— О повелитель! Нам известно, что Иван хотел встретить тебя у Коломны с богатыми дарами, но аллаху было угодно развести вас в разные стороны. Может быть, теперь Иван захочет прийти сюда?
— И ты думаешь, его удастся сговорить?
— Худой мир лучше доброй ссоры — так говорят в Москве…
— Как же нам это сделать? Ведь если мы пошлем Ивану ярлык с предложением мира, он может расценить это как проявление нашей слабости.
— Великий хан! — подал свой слабый голос тщедушный имам. — Тебе нет нужды слать ярлык. Наши предки, обходясь с неверными, не тратили слов. Они посылали им стрелу и мешок.

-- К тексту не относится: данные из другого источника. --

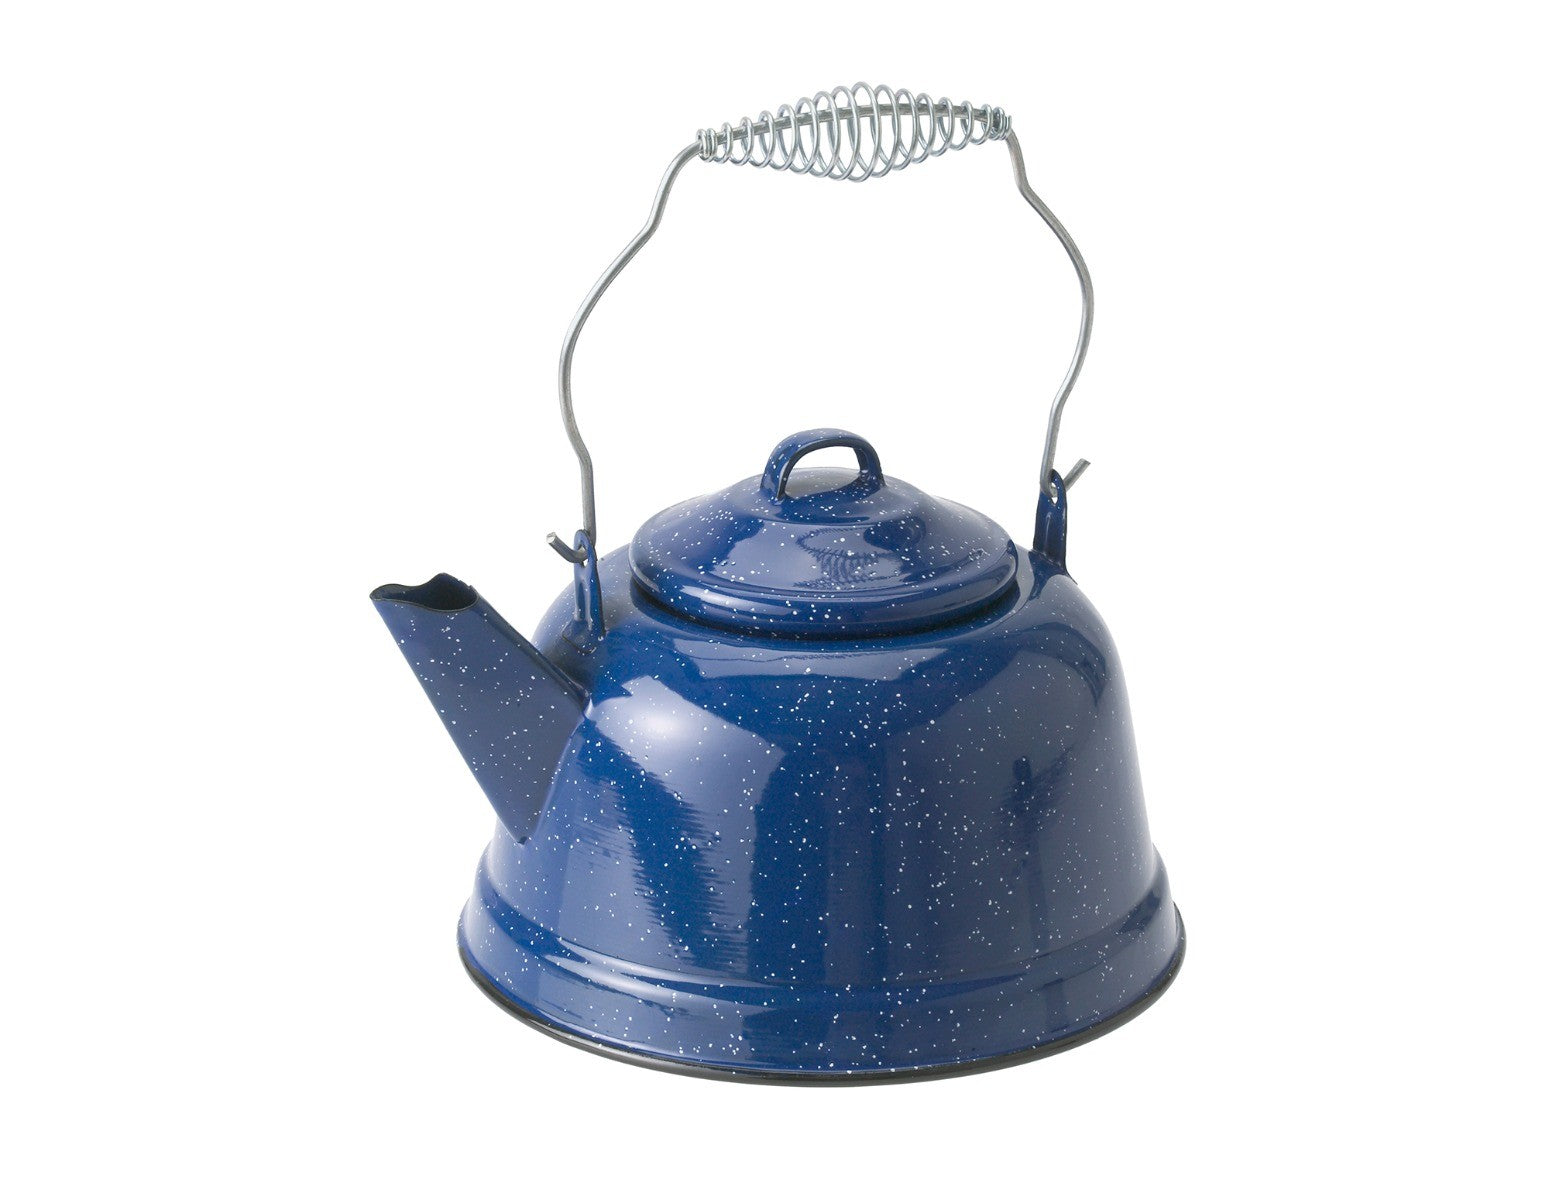 GSI Outdoors Blue Enamelware 10 Cup Tea Kettle with metal handle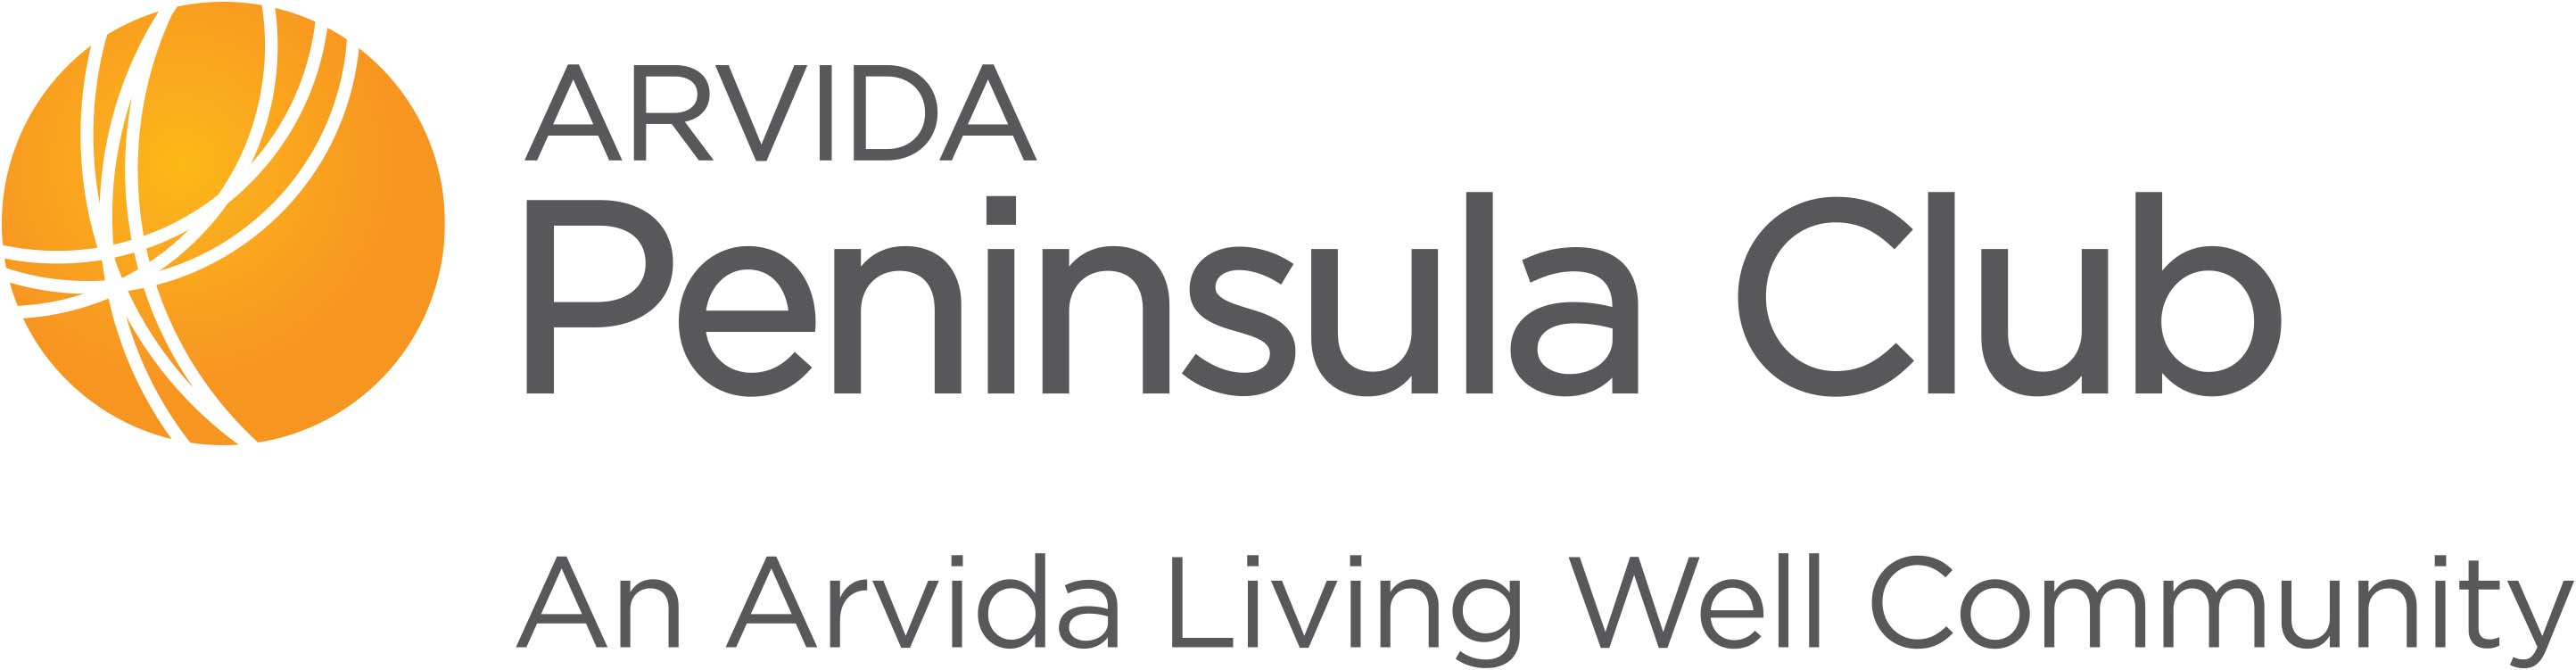 Peninsula Club | Arvida logo

Если мешок возвращался с золотом, значит, неверные приклоняли свои колени — и им оставляли жизнь. Если же возвращалась стрела, то участь их была ужасна.
— Это был хороший обычай, — согласился Ахмат. — Позовите моего мухтасиба, он не любит возвращаться с пустыми мешками.
— Увы, мой повелитель, — хмуро сказал Кулькон, — твой верный мухтасиб готовится к встрече с аллахом. Страшная болезнь поразила его и часть обозного тумена.
— Что же это за болезнь?
— Наши лекари называют ее болезнью живота, но они не знают, как с ней бороться.
Ахмат рассмеялся:
— Не знают? Ну так я помогу им! Впервые после месяца голодной жизни люди уже несколько дней стоят на месте и отъедаются. Я вчера видел: у многих брюхо — что надутый пузырь. От обжорства пришла эта болезнь, и она уйдет сама, когда я снова посажу войско на полуголодный корм. Так и передай нашим лекарям!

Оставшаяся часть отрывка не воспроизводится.